### Material for this exercise:
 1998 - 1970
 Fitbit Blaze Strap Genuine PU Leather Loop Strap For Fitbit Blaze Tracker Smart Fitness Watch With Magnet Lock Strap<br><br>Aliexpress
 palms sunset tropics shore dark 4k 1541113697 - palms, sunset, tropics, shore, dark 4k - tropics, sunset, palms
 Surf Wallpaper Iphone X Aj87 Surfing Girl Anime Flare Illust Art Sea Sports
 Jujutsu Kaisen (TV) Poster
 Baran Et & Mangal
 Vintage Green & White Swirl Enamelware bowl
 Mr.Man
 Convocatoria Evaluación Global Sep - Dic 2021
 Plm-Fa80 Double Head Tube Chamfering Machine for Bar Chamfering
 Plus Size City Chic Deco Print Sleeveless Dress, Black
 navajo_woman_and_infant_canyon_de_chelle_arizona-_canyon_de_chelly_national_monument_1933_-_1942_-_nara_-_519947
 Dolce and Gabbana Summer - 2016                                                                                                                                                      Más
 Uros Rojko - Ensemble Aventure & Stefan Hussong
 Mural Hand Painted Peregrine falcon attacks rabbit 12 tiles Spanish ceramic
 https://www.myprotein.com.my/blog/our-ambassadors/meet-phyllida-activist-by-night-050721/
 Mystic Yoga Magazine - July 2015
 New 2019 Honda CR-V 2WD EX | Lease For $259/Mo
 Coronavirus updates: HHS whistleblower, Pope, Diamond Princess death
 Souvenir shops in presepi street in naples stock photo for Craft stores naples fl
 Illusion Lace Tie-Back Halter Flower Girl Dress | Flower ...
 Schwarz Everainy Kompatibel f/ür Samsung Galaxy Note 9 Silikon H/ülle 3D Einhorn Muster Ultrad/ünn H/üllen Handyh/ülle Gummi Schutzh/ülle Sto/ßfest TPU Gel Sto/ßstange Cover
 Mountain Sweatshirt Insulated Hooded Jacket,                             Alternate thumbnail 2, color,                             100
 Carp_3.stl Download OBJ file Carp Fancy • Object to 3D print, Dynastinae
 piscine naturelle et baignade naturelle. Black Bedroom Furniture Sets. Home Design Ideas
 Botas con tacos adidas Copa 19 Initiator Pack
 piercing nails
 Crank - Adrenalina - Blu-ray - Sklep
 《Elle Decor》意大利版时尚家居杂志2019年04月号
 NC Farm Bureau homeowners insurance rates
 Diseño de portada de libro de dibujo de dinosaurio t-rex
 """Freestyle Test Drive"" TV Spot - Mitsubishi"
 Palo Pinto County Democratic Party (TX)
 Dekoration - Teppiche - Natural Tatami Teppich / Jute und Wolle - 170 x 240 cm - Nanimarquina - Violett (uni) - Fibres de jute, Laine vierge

### Required action:
What the task asks for is a word-for-word repeat of the lines above, from the first through the one containing "Mural Hand Painted".

### Answer space:
 1998 - 1970
 Fitbit Blaze Strap Genuine PU Leather Loop Strap For Fitbit Blaze Tracker Smart Fitness Watch With Magnet Lock Strap<br><br>Aliexpress
 palms sunset tropics shore dark 4k 1541113697 - palms, sunset, tropics, shore, dark 4k - tropics, sunset, palms
 Surf Wallpaper Iphone X Aj87 Surfing Girl Anime Flare Illust Art Sea Sports
 Jujutsu Kaisen (TV) Poster
 Baran Et & Mangal
 Vintage Green & White Swirl Enamelware bowl
 Mr.Man
 Convocatoria Evaluación Global Sep - Dic 2021
 Plm-Fa80 Double Head Tube Chamfering Machine for Bar Chamfering
 Plus Size City Chic Deco Print Sleeveless Dress, Black
 navajo_woman_and_infant_canyon_de_chelle_arizona-_canyon_de_chelly_national_monument_1933_-_1942_-_nara_-_519947
 Dolce and Gabbana Summer - 2016                                                                                                                                                      Más
 Uros Rojko - Ensemble Aventure & Stefan Hussong
 Mural Hand Painted Peregrine falcon attacks rabbit 12 tiles Spanish ceramic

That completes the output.